While the case of changing the musical instrument according to the information of the users U1 and U2 has been described above, the detection unit 12 may change another element of specifying the sound to be output. For example, the octave may be changed according to the information of the users U1 and U2. Further, the detection unit 12 may change the degree of difficulty of outputting the sound according to the information of the users U1 and U2. For example, while the detection unit 12 specifies the sound of each musical instrument on the basis of a position relationship of a feature point set detected from each of the users U1 and U2, the detection unit 12 may change the reference for determining that the position relationship detected from the user U and the previously set position relationship are the same, according to the information from the users U1 and U2. As an example, when detecting that a user is a child, the detection unit 12 may set the previously set similarity range of the position relationship to be wider compared with the case of detecting that a user is an adult so as to allow the position relationship detected from the user U to be determined to be the same as any of the previously set position relationships, to thereby lower the degree of difficulty of outputting the sound.
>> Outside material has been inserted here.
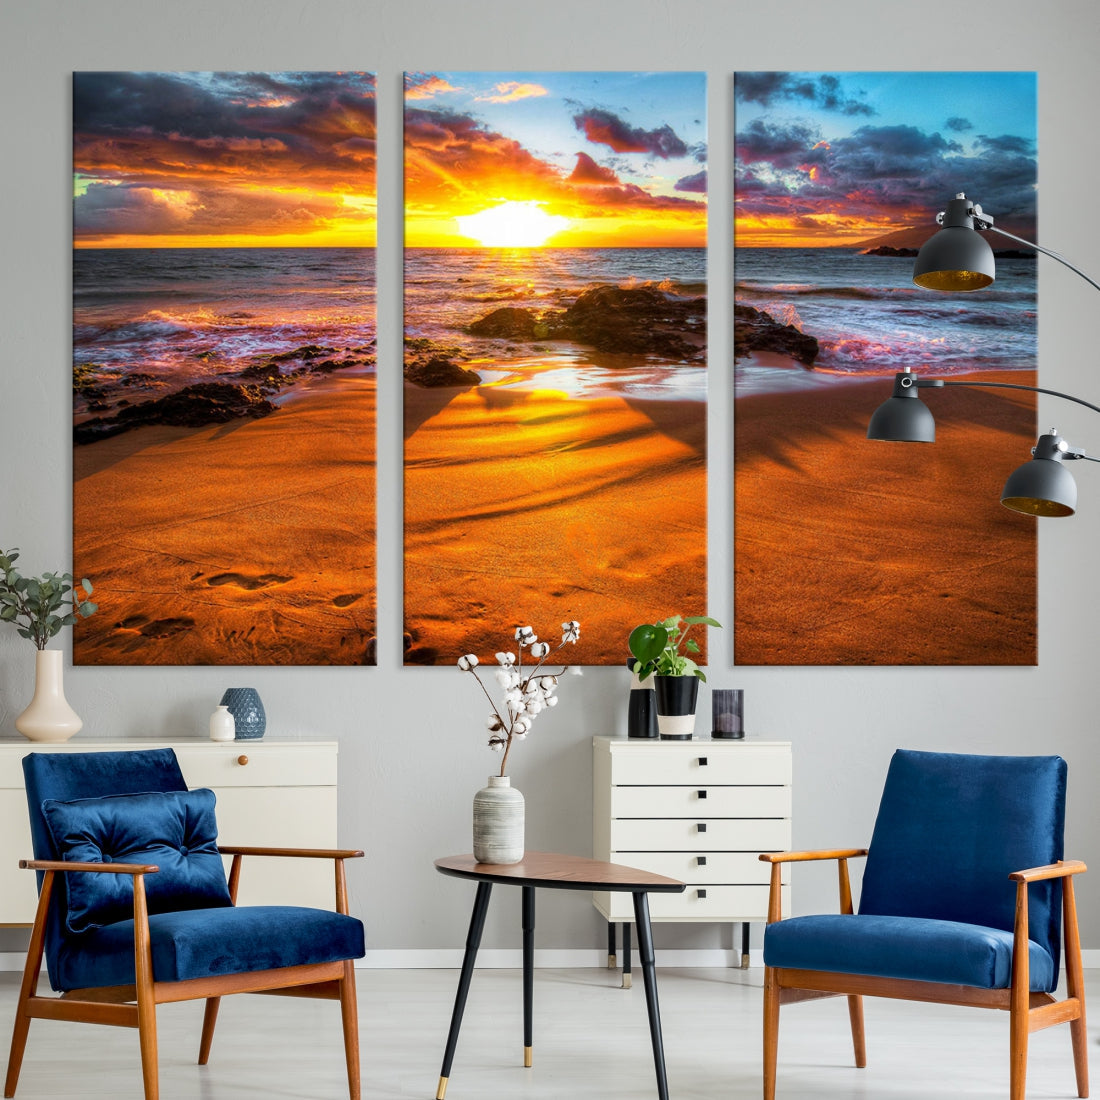 Thrilling Ocean Sunset from Beach Large Canvas Art Print for Wall Decor
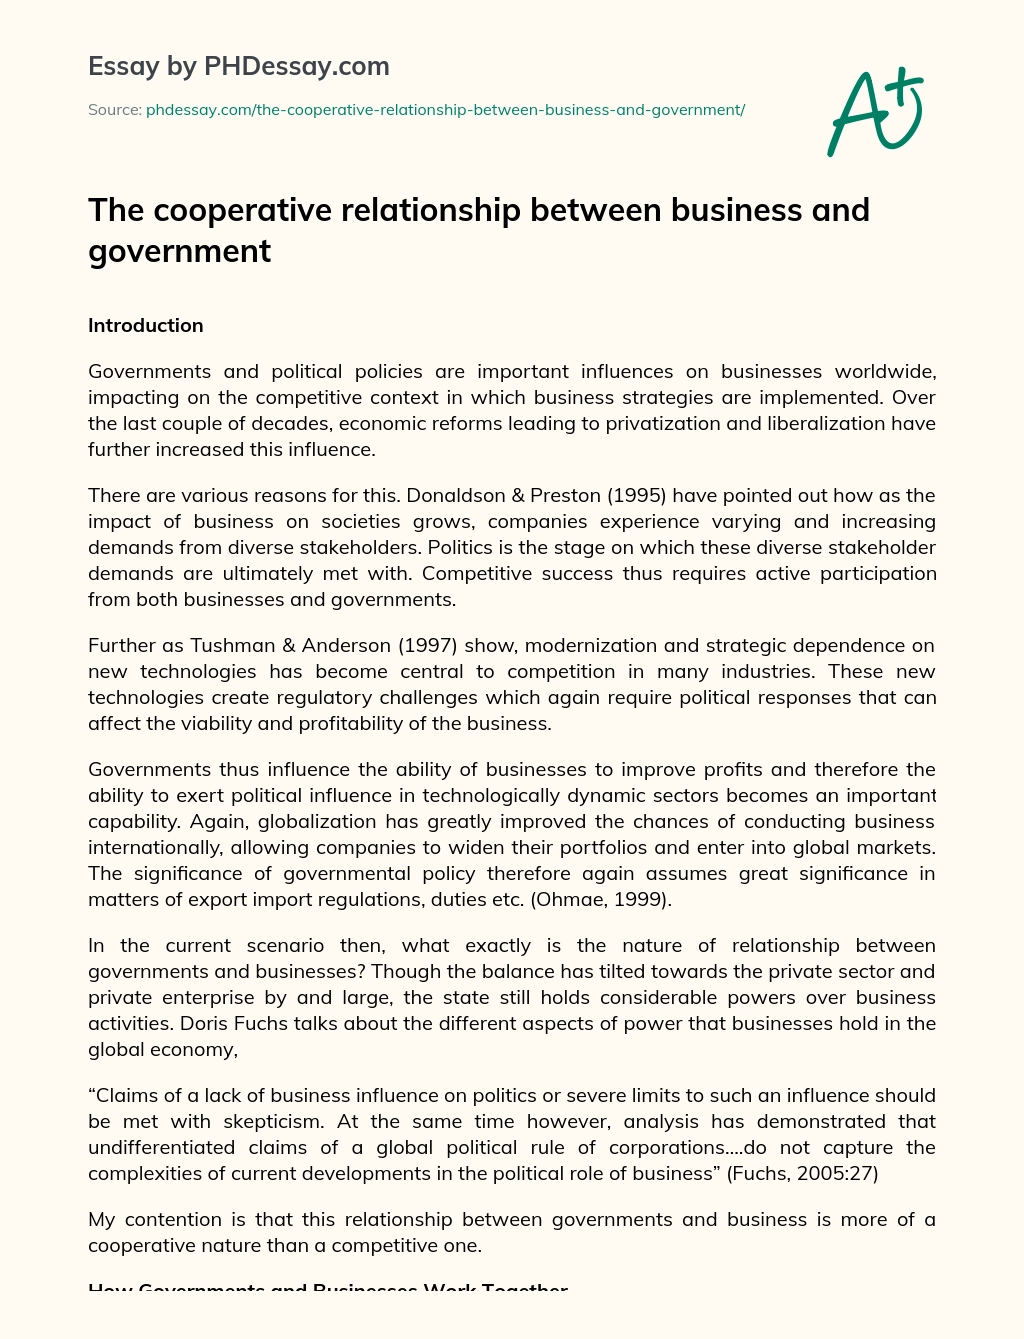 The cooperative relationship between business and government essay

The sound output unit 13 outputs a specified sound from the loudspeaker 3 as described above. For example, when it is specified that the musical instrument is a trumpet, the sound output unit 13 uses the sound source data of a trumpet and outputs the sound specified from the position relationship of the feature point set. At that time, the user U may be allowed to move freely, without displaying sample information to the user U as described above. Then, the sound output unit 13 may output a sound specified from the information of the user U who is moving freely and the position relationship of the feature point set by the acquisition unit 11 and the detection unit 12. Further, the sound output unit 13 may generate a musical score of the output sound or record the sound.


As described above, according to the music playing device and the music playing method of the present embodiment, it is possible to detect position relationships of a plurality of feature point sets acquired from a captured image of a person, and output a sound specified based on such position relationships. Therefore, even in the case where an operation similar to the operation of playing a musical instrument is difficult because of a physical reason for children, elderly persons, and disabled persons, it is possible to output a sound by an easy operation. Further, even in the situation where an optical flow of a body part such as a hand or an arm of a user cannot be detected due to the clothes of the user or imaging conditions (imaging environment, frame rate, or the like), it is possible to output a sound easily. As a result, in a system that allows a sound to be output without actually playing a musical instrument, the system can be used by any user, and it is possible to improve entertainment and to use it for various purposes.


Second Exemplary Embodiment

Next, a second exemplary embodiment of the present invention will be described with reference to FIGS. 12 to 14. FIGS. 12 and 13 are block diagrams illustrating configurations of a music playing device of the second exemplary embodiment, and FIG. 14 is a flowchart illustrating the operation of the music playing device. Note that the present embodiment shows the outlines of the configurations of the music playing device and the music playing method described in the first exemplary embodiment.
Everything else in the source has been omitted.